*Task directions:*
Please reproduce the listing word for word. Pictures stay out.

*Supplied information:*
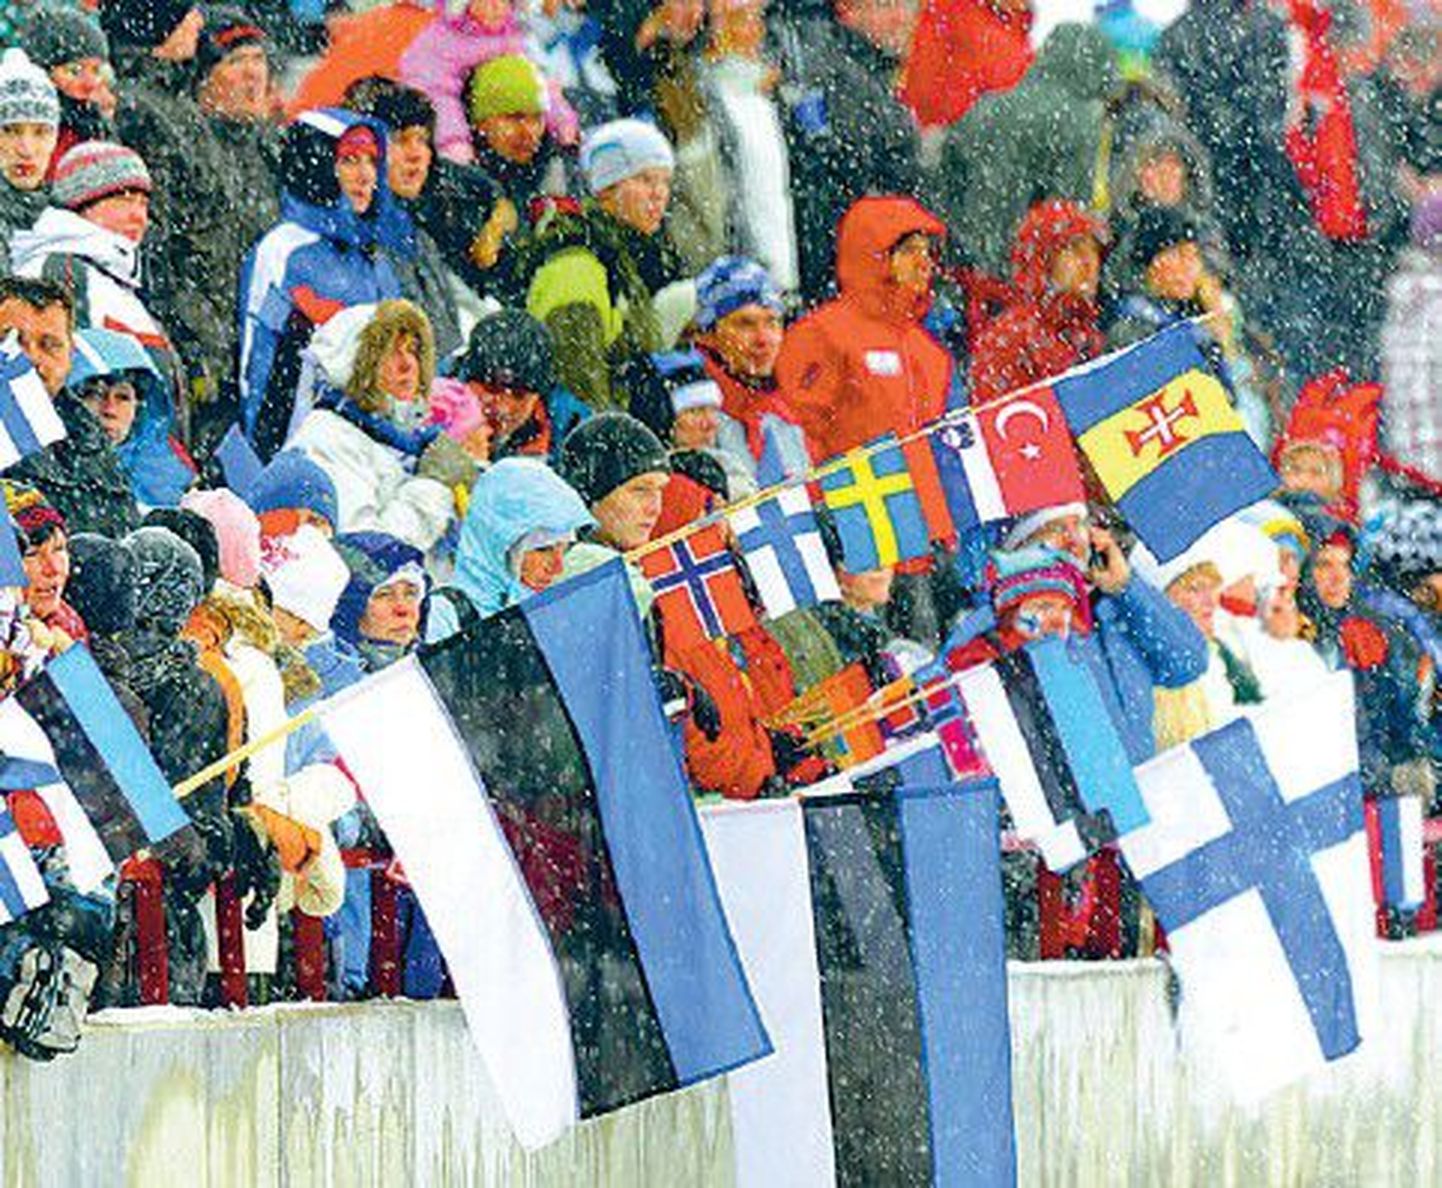 Девять лет отепяэский этап КМ по лыжным гонкам заманивал в Отепяэ тысячи любителей лыжного спорта, а теперь FIS намерен исключить его из календаря соревнований.
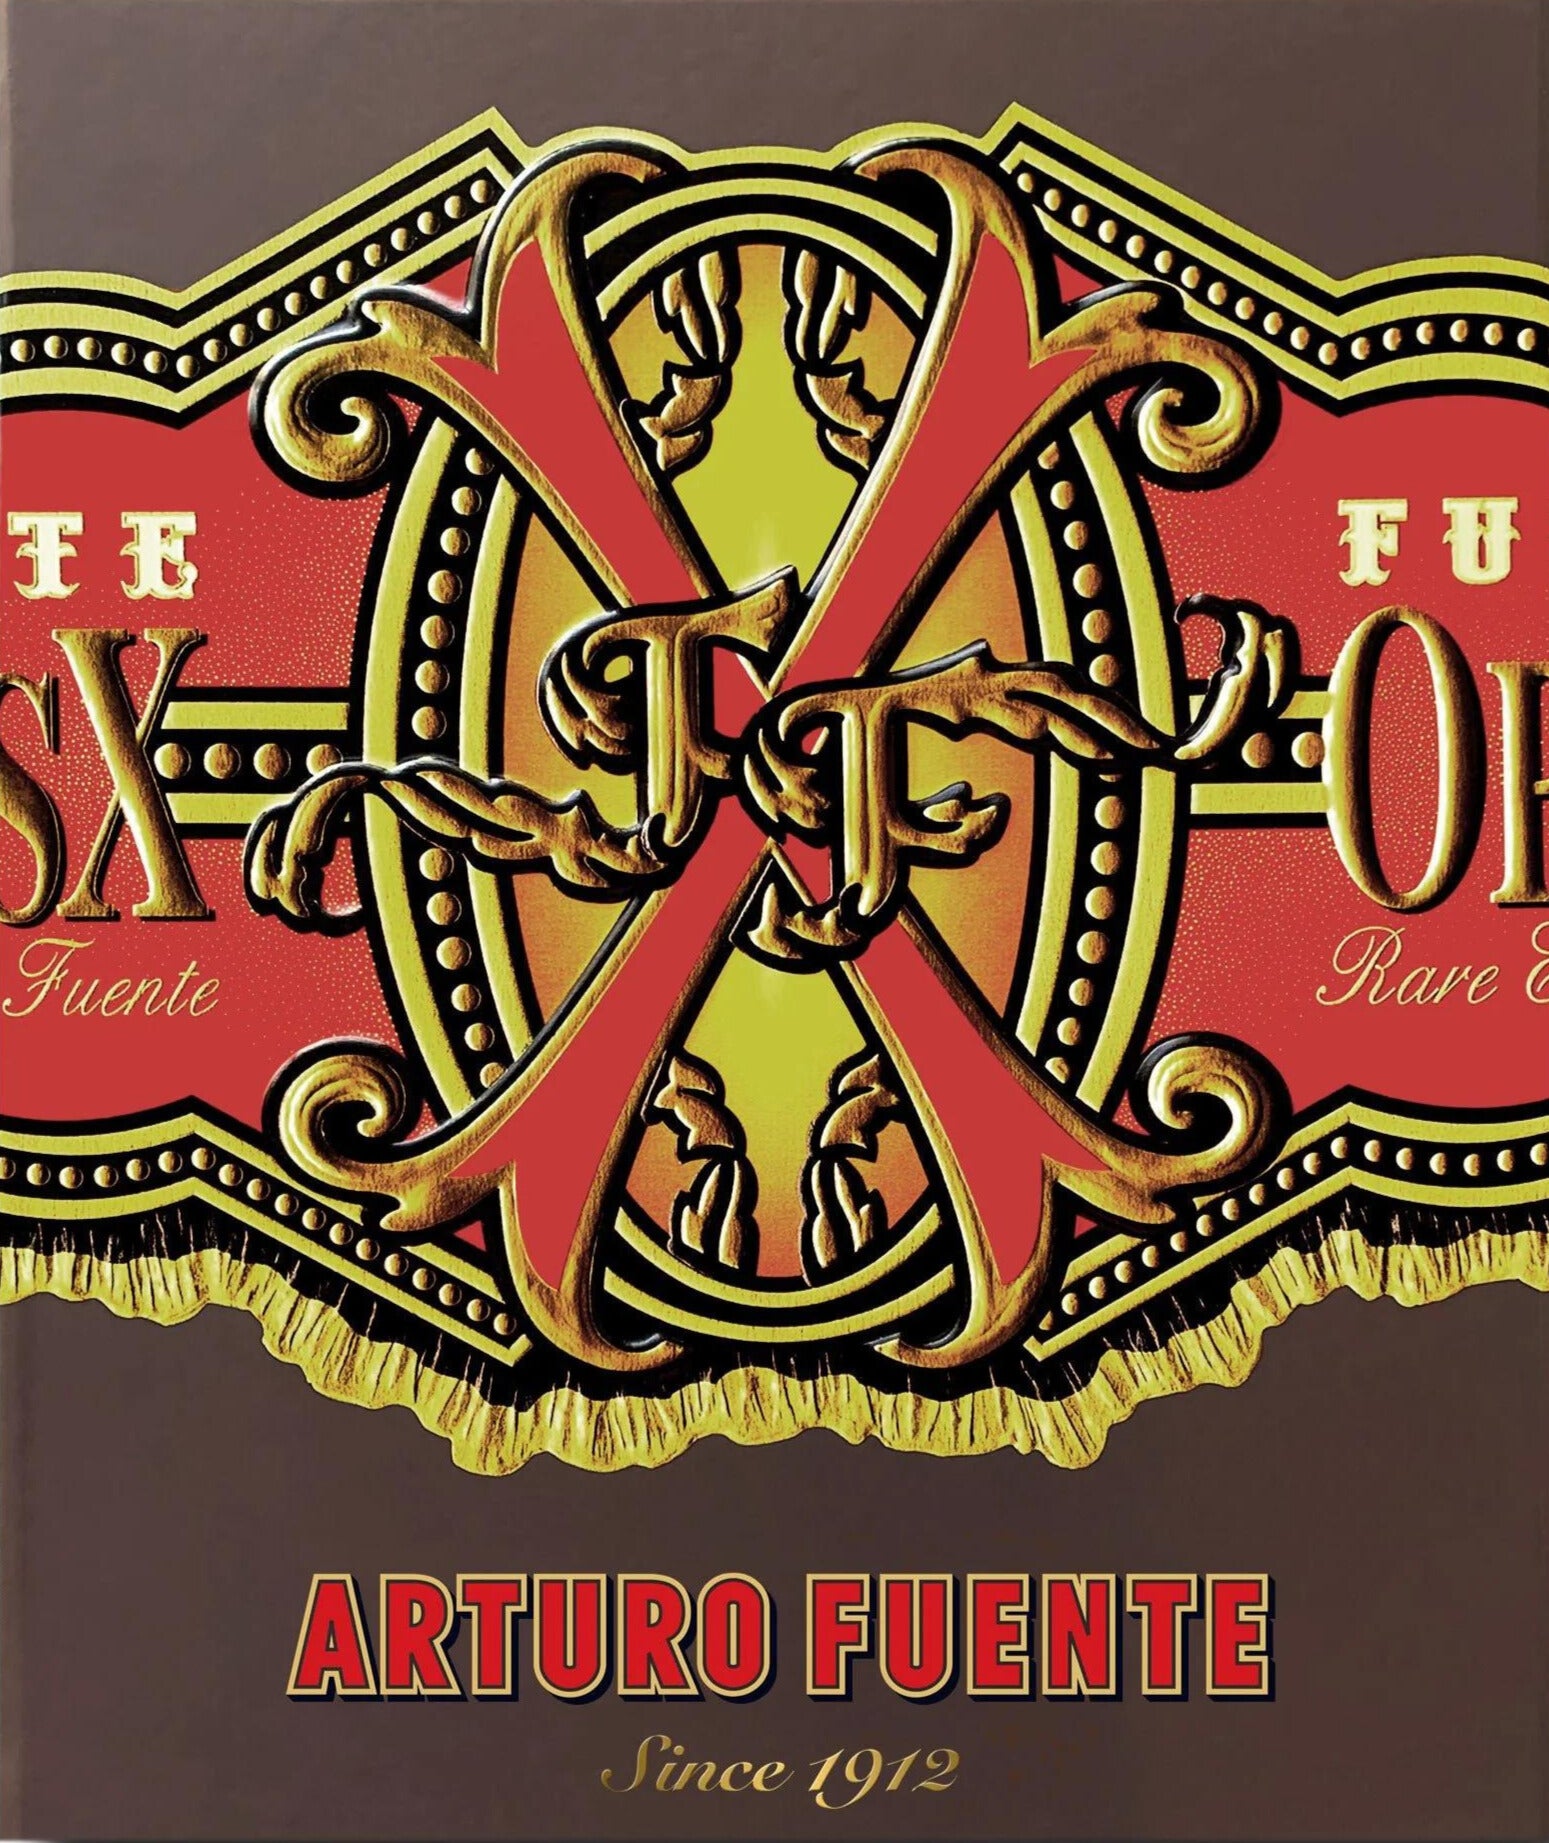 Arturo Fuente: Since 1912
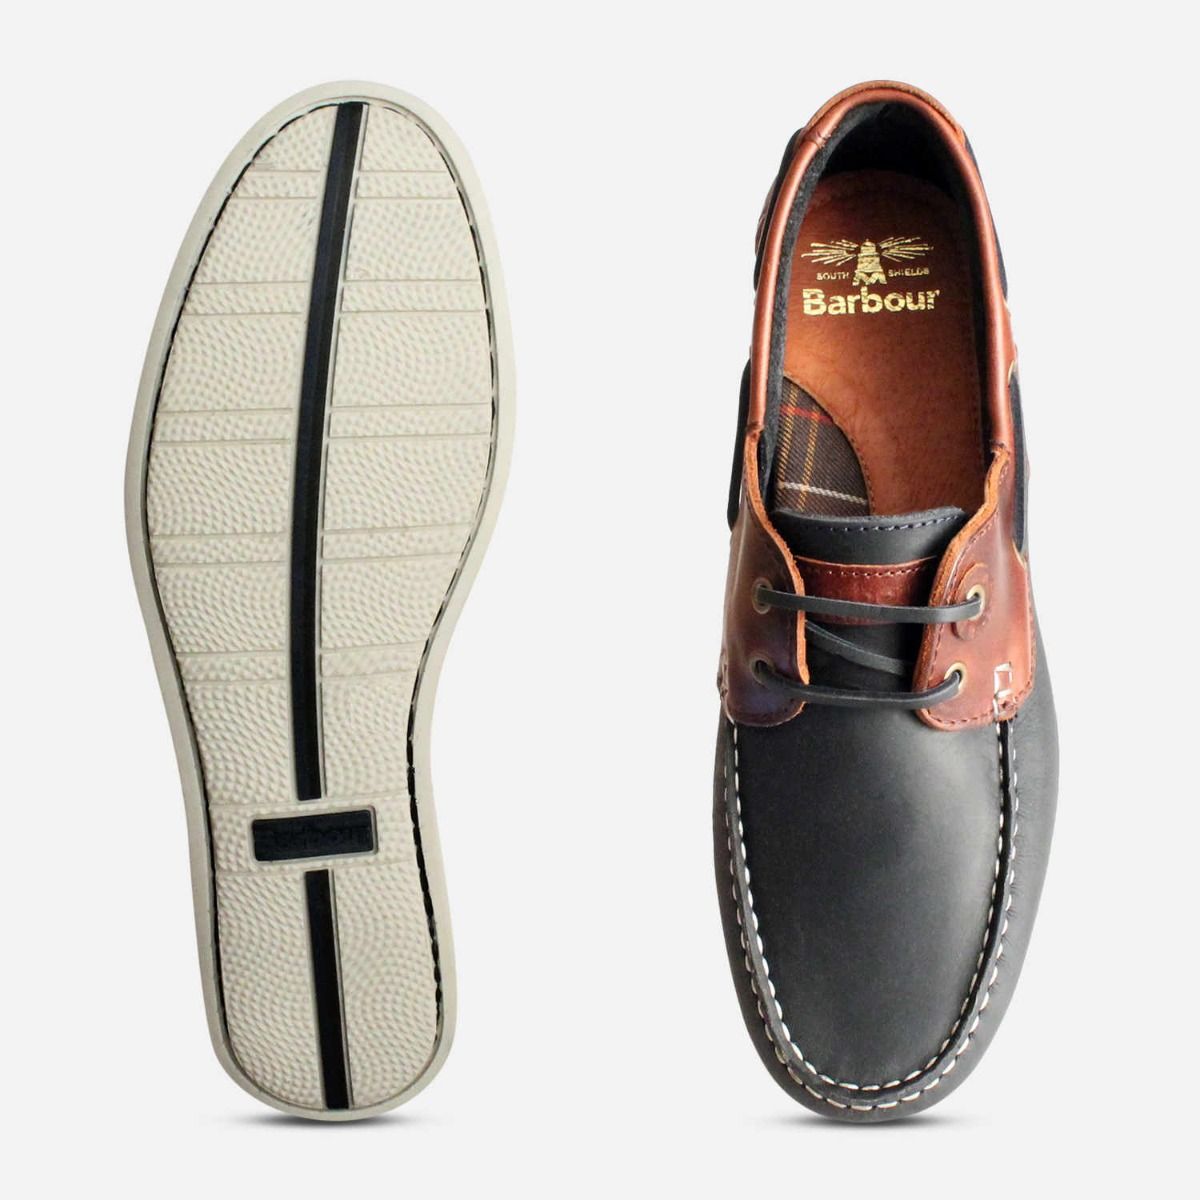 barbour capstan deck shoes
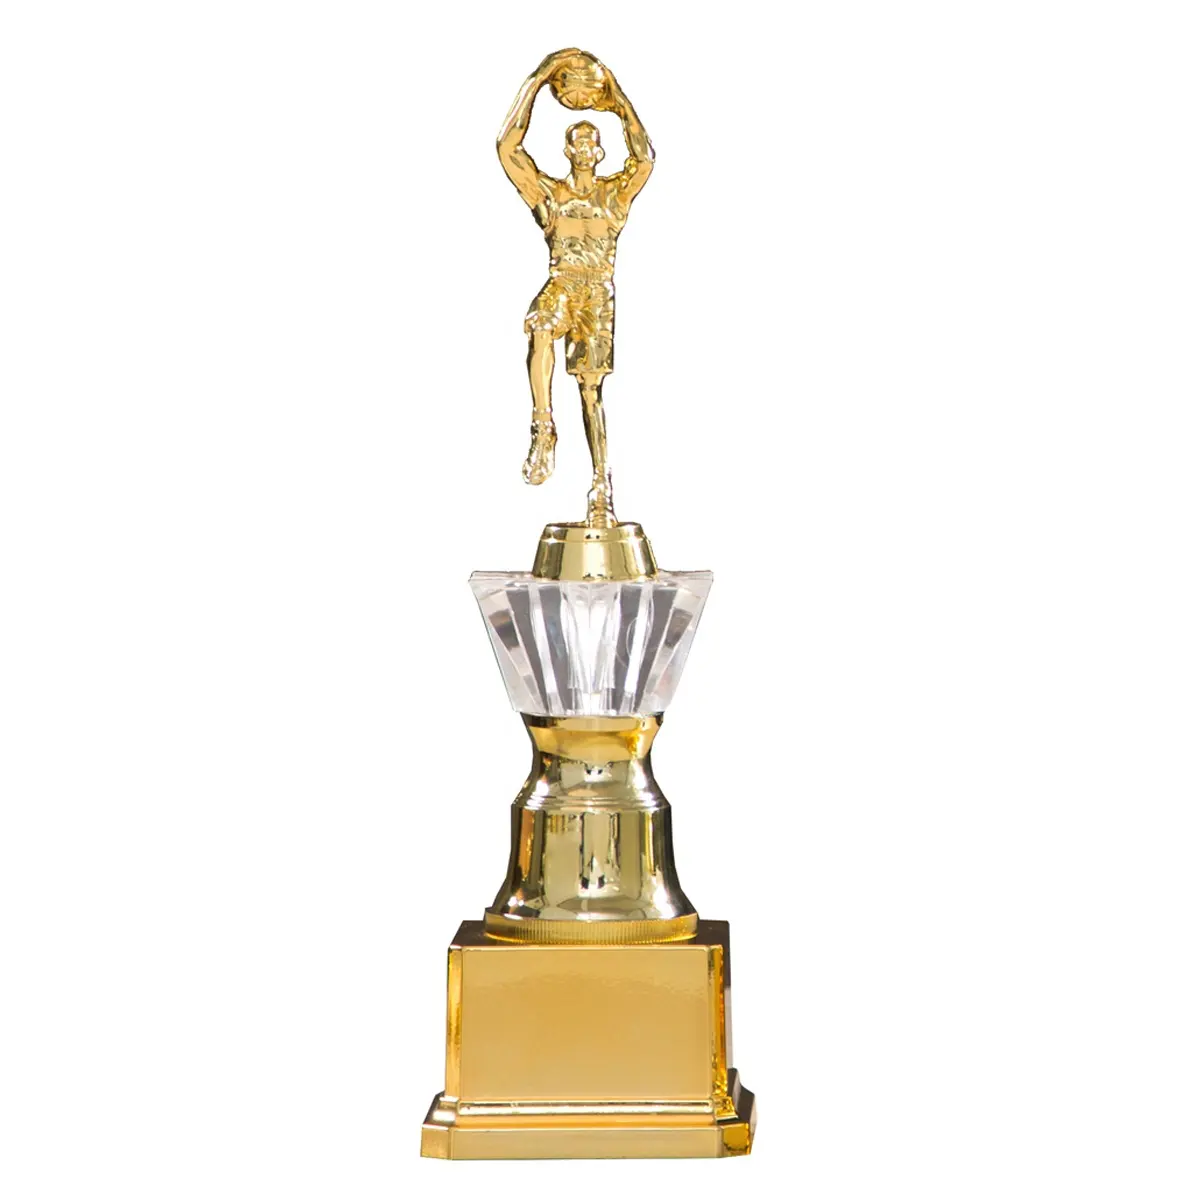 Trophée en plastique de la récompense de la publicité de la réunion annuelle de l'entreprise pour les jeux de basket-ball Champion Industries de l'assurance automobile

*Expected answer:*
 Девять лет отепяэский этап КМ по лыжным гонкам заманивал в Отепяэ тысячи любителей лыжного спорта, а теперь FIS намерен исключить его из календаря соревнований.
 Arturo Fuente: Since 1912
 barbour capstan deck shoes
 Trophée en plastique de la récompense de la publicité de la réunion annuelle de l'entreprise pour les jeux de basket-ball Champion Industries de l'assurance automobile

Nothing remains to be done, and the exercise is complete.